BofA Merrill Lynch analyst Mary Ann Bartels suggests that according to the pattern, investors could be presented with an “important buying opportunity” if stocks dip in the second half of the year:
Using the Decennial pattern as a guide for 2012, years ending in “2” are when strong bottoms are made. Going back to the 1930s, the S&P 500 formed strong year 2 bottoms in 1932, 1942, 1962, 1982, and 2002 or 62.5% of the time. The chart below shows these years plotted with the current period.
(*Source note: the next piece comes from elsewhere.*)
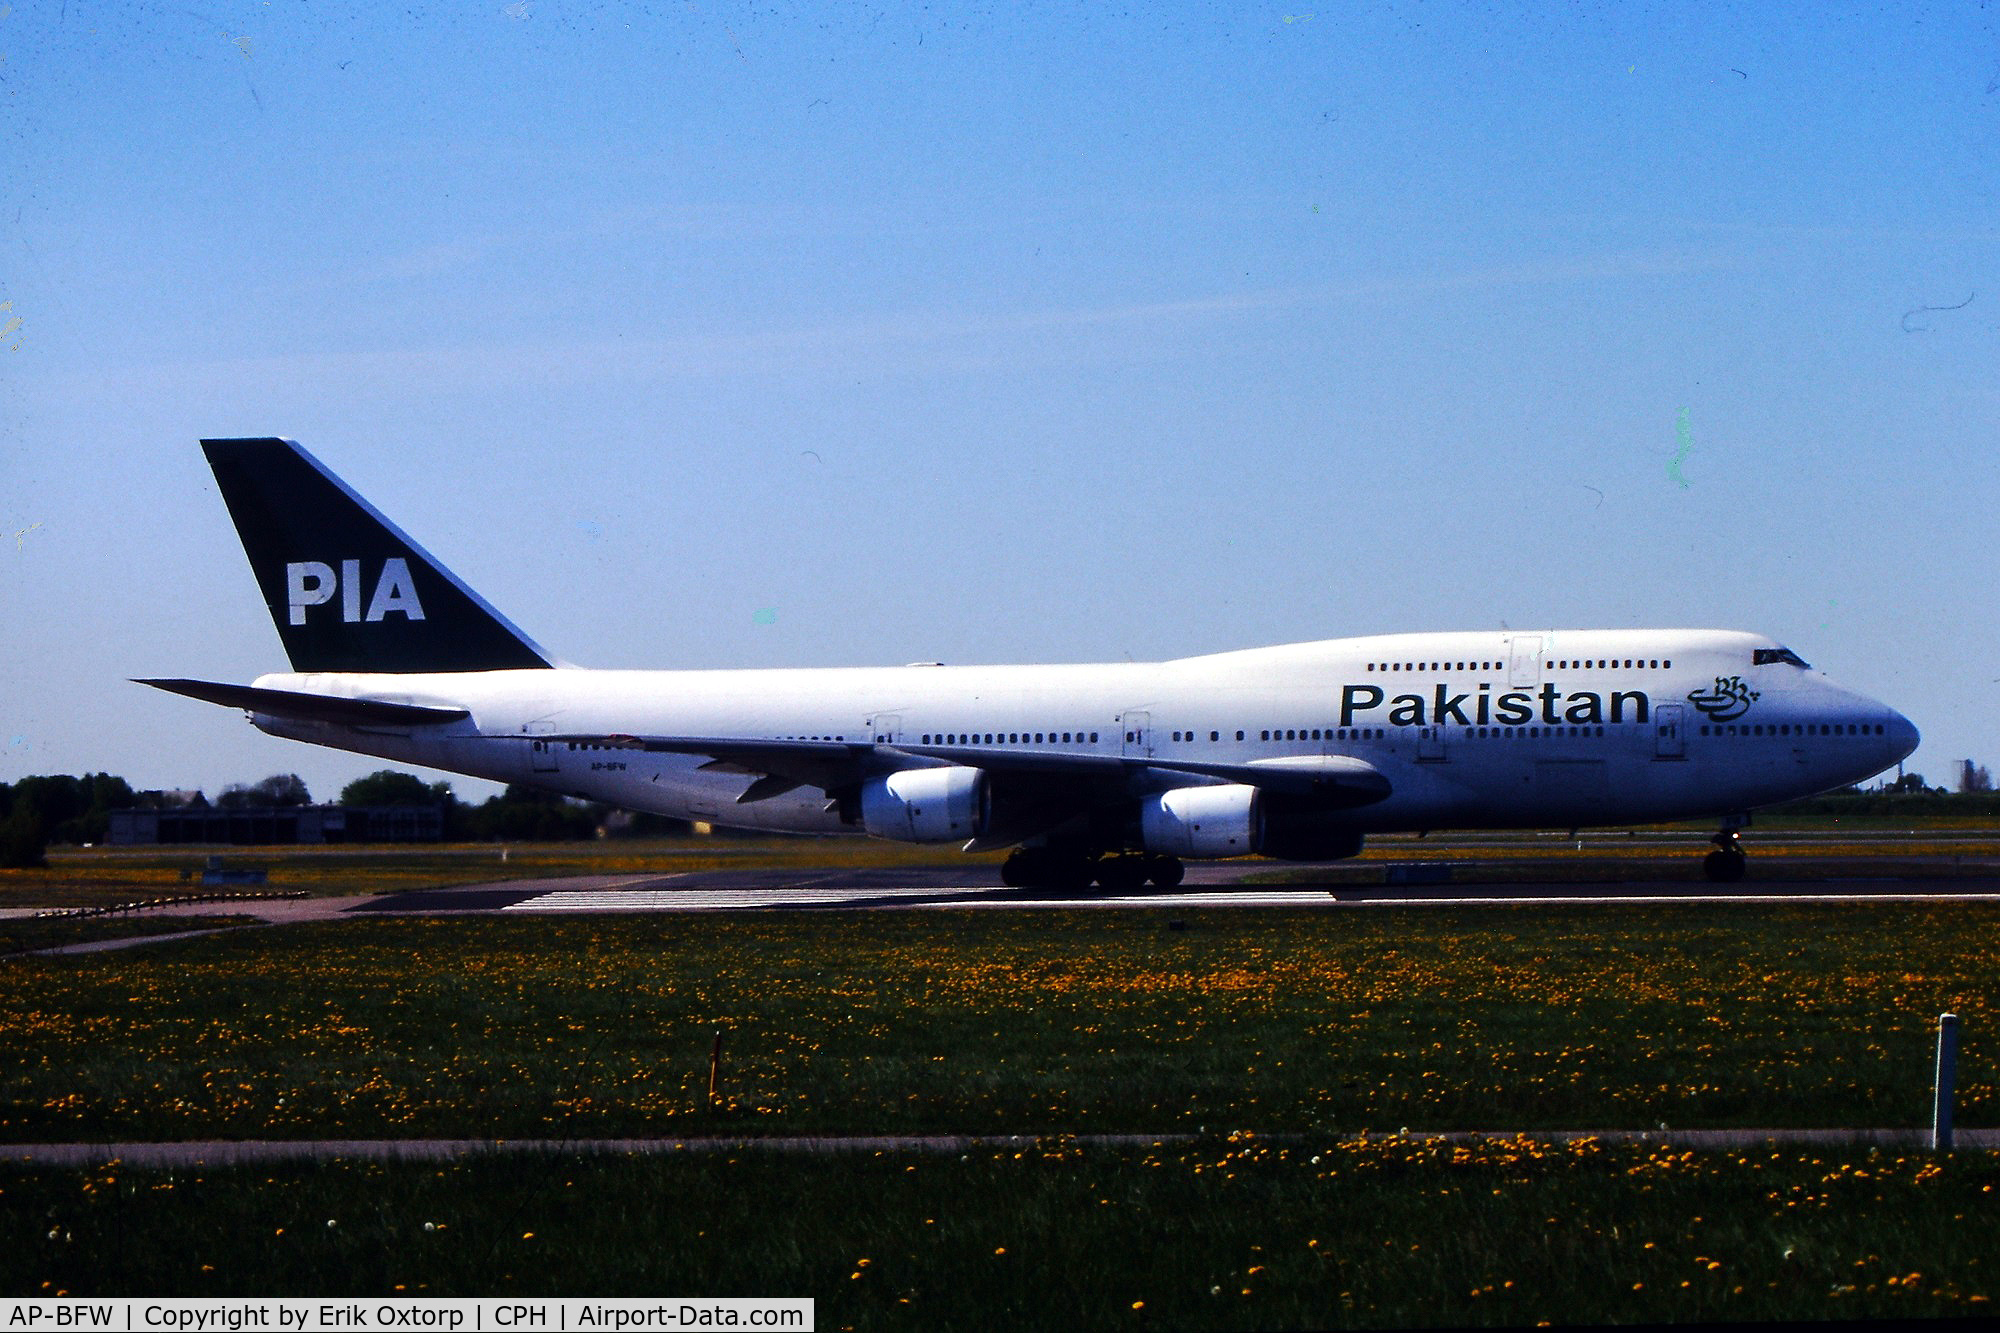 AP-BFW, 1985 Boeing 747-367 C/N 23221, AP-BFW ready for takeoff rw 04R
Scanned slide

Using daily closing prices, the base case for years ending in 2 is an 18.0% correction from the prior year’s close leading to a bottom and low for the year in May. 50 per cent of the time, this low occurs in the April to June period. On average the rally off this bottom is 33.5% and lasts until December. While the average rally from the intra-year 2 low to the intra-year 2 high is substantial, average Year 2 returns are generally flat at 1.1%, but the median return is 8.1%. 75% of the time, the year 2 closing level of the S&P 500 is at or near the intra-year rally highs. 25% of the time, the S&P 500 has a meaningful correction off the intra-year high.
Here is a chart showing stock market returns in several past decades before and after market bottoms were established during years ending in the number 2:
Bartels notes that the “S&P 500 re-linked to the Decennial 2 year pattern in April and May. From Jan-Mar, 2012 did not follow the year ‘2’ pattern.”